The farm bill helps determine what sort of food your children will have for
lunch in school tomorrow. The school-lunch program began at a time when the
public-health problem of America's children was undernourishment, so feeding
surplus agricultural commodities to kids seemed like a win-win strategy.
Today the problem is overnutrition, but a school lunch lady trying to
prepare healthful fresh food is apt to get dinged by U.S.D.A. inspectors for
failing to serve enough calories; if she dishes up a lunch that includes
chicken nuggets and Tater Tots, however, the inspector smiles and the
reimbursements flow. The farm bill essentially treats our children as a
human Disposall for all the unhealthful calories that the farm bill has
encouraged American farmers to overproduce.

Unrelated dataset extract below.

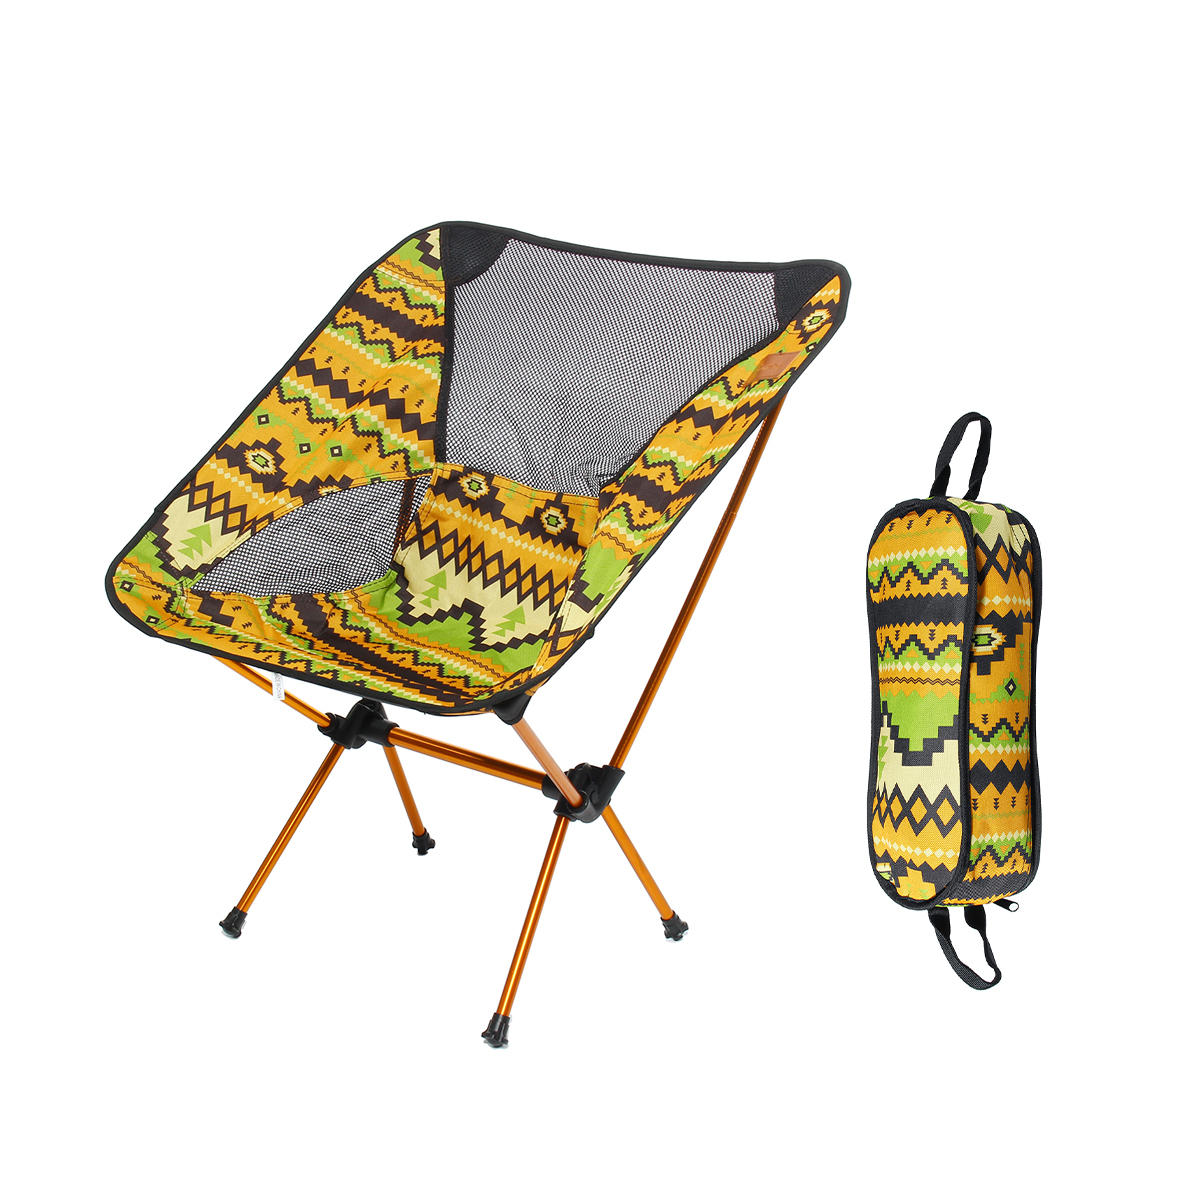 Раскладной стул из алюминиевого сплава для пикника и кемпинга, максимальная нагрузка 150 кг.
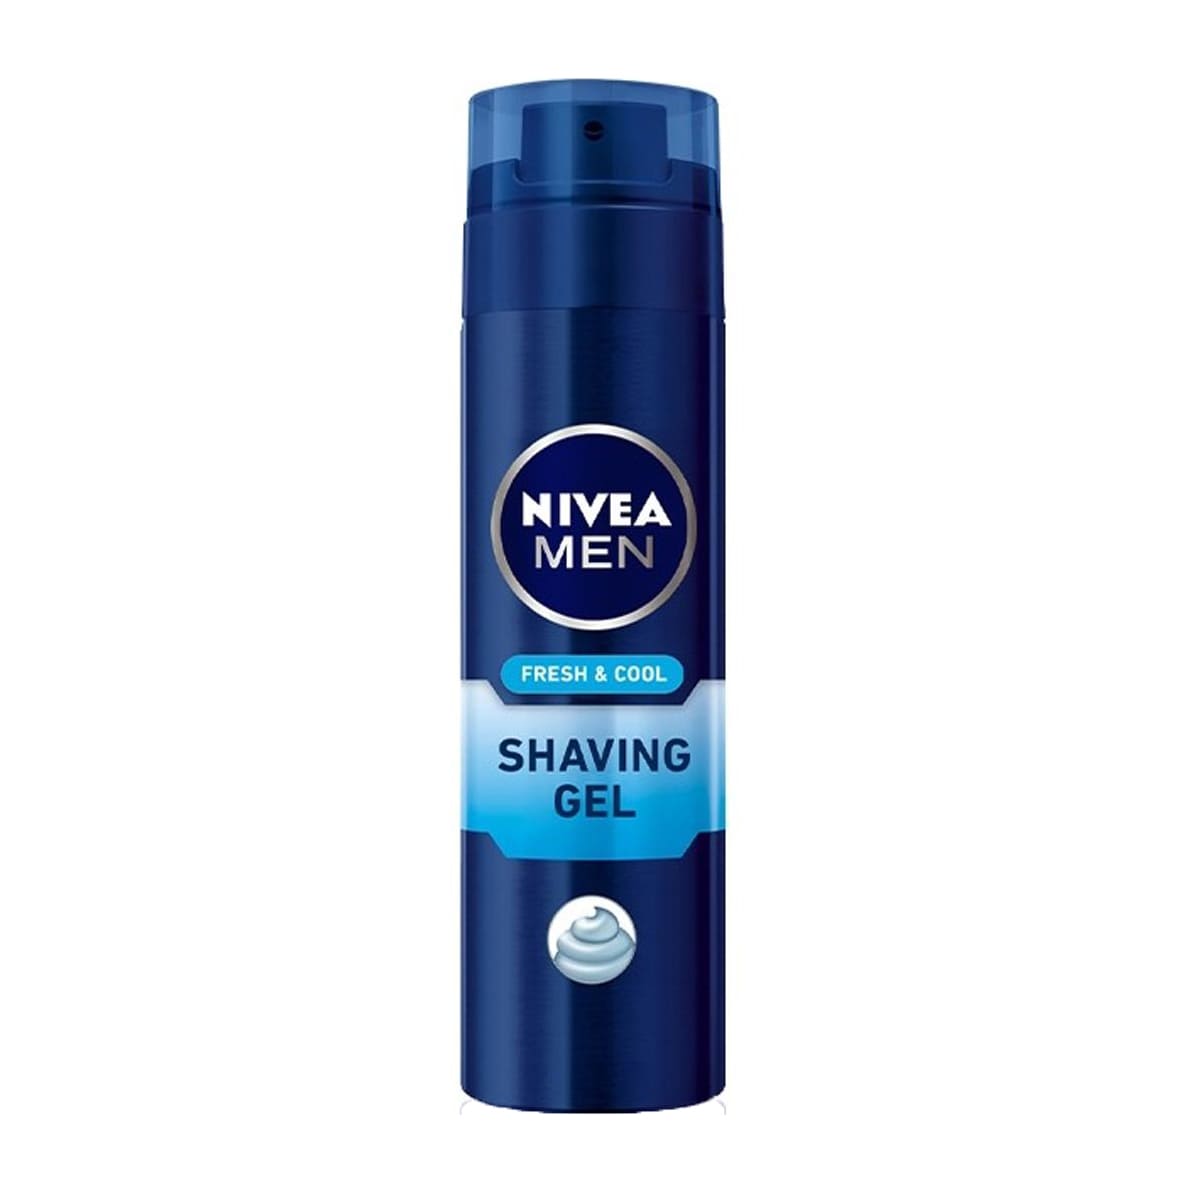 Nivea Men Fresh & Cool Shaving Gel - 200ml - Bloom Pharmacy

To speak of the farm bill's influence on the American food system does not
begin to describe its full impact — on the environment, on global poverty,
even on immigration. By making it possible for American farmers to sell
their crops abroad for considerably less than it costs to grow them, the
farm bill helps determine the price of corn in Mexico and the price of
cotton in Nigeria and therefore whether farmers in those places will survive
or be forced off the land, to migrate to the cities — or to the United
States. The flow of immigrants north from Mexico since Nafta is inextricably
linked to the flow of American corn in the opposite direction, a flood of
subsidized grain that the Mexican government estimates has thrown two
million Mexican farmers and other agricultural workers off the land since
the mid-90s. (More recently, the ethanol boom has led to a spike in corn
prices that has left that country reeling from soaring tortilla prices;
linking its corn economy to ours has been an unalloyed disaster for Mexico's
eaters as well as its farmers.) You can't fully comprehend the pressures
driving immigration without comprehending what U.S. agricultural policy is
doing to rural agriculture in Mexico.

And though we don't ordinarily think of the farm bill in these terms, few
pieces of legislation have as profound an impact on the American landscape
and environment. Americans may tell themselves they don't have a national
land-use policy, that the market by and large decides what happens on
private property in America, but that's not exactly true. The smorgasbord of
incentives and disincentives built into the farm bill helps decide what
happens on nearly half of the private land in America: whether it will be
farmed or left wild, whether it will be managed to maximize productivity
(and therefore doused with chemicals) or to promote environmental
stewardship. The health of the American soil, the purity of its water, the
biodiversity and the very look of its landscape owe in no small part to
impenetrable titles, programs and formulae buried deep in the farm bill.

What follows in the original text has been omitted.